• **Exercise requirements**
What is needed is a word-for-word copy of the lines below from the one with "Crystal Bridal Necklace" through the one with "2014 Audi A4 Prestige (from $17,400)", both included, with every picture left out.

• **Records provided**

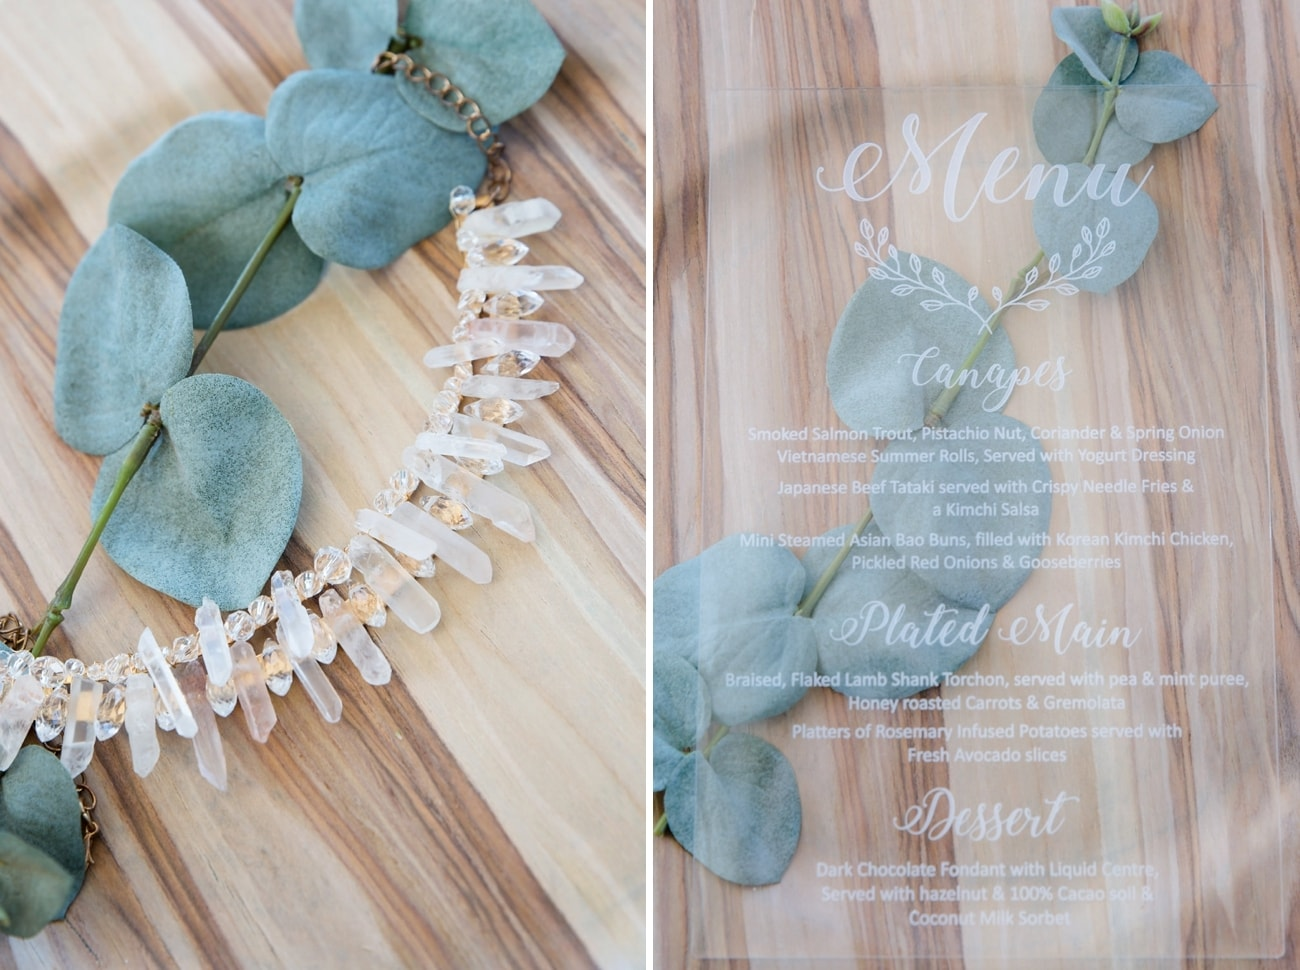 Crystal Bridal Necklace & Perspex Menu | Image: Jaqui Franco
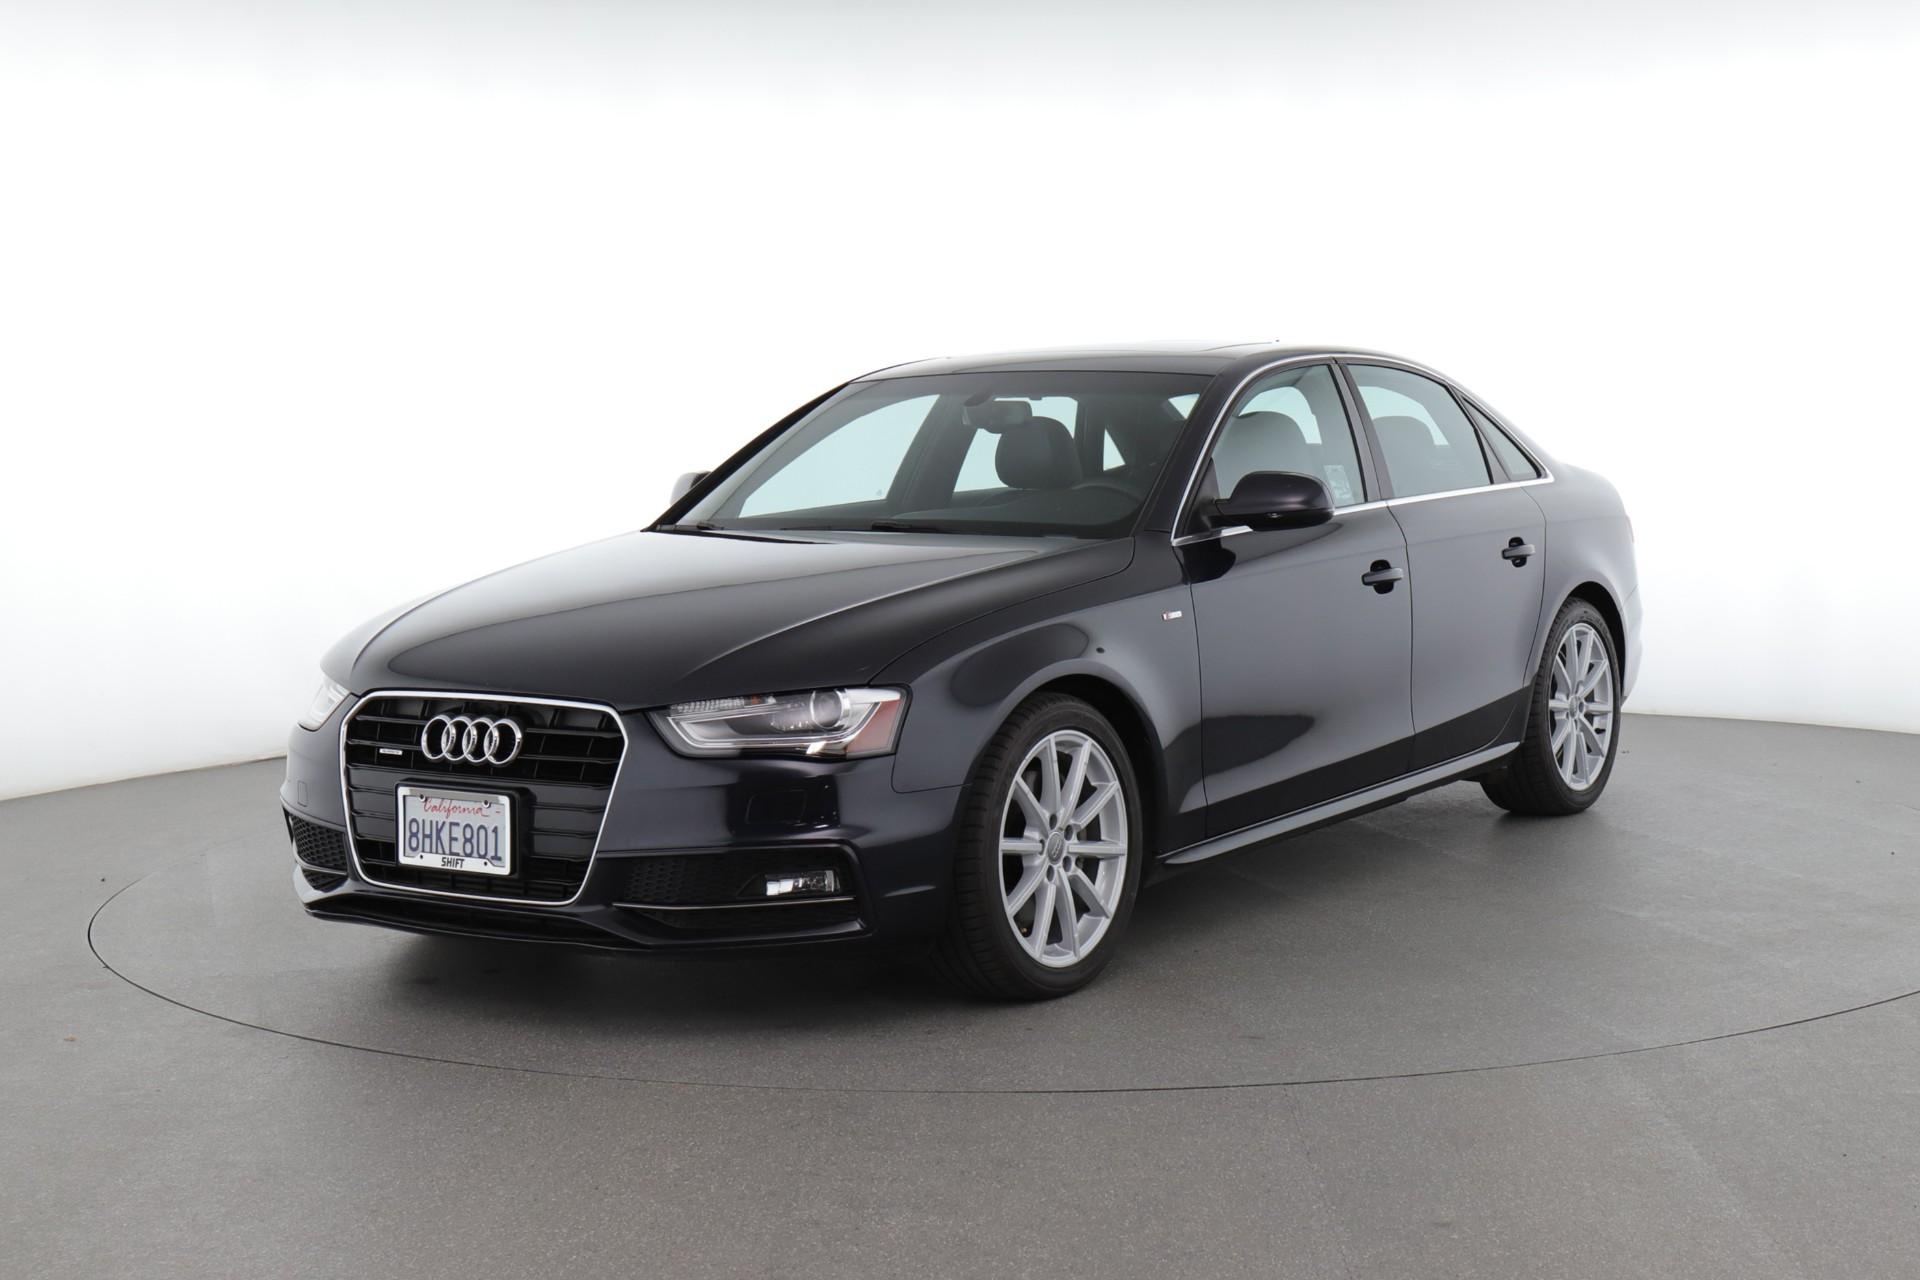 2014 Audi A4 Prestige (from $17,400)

...

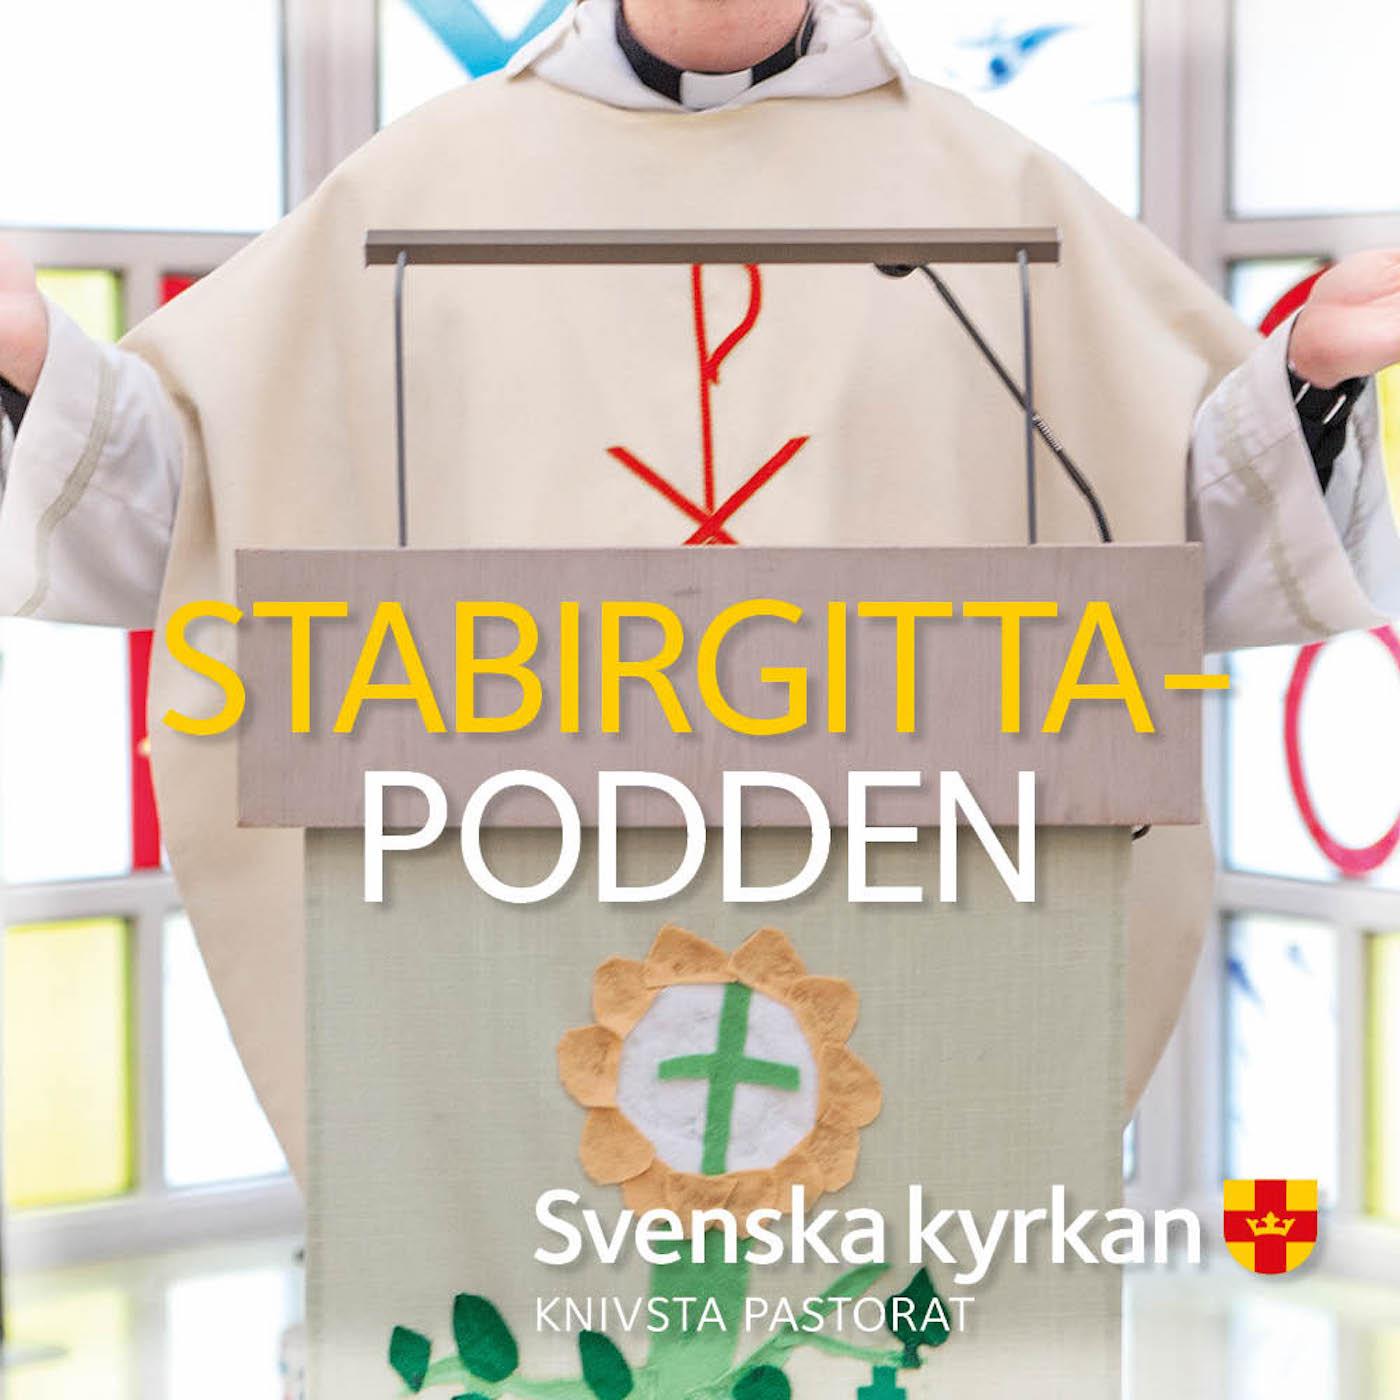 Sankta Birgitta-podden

• **Task output**
 Crystal Bridal Necklace & Perspex Menu | Image: Jaqui Franco
 2014 Audi A4 Prestige (from $17,400)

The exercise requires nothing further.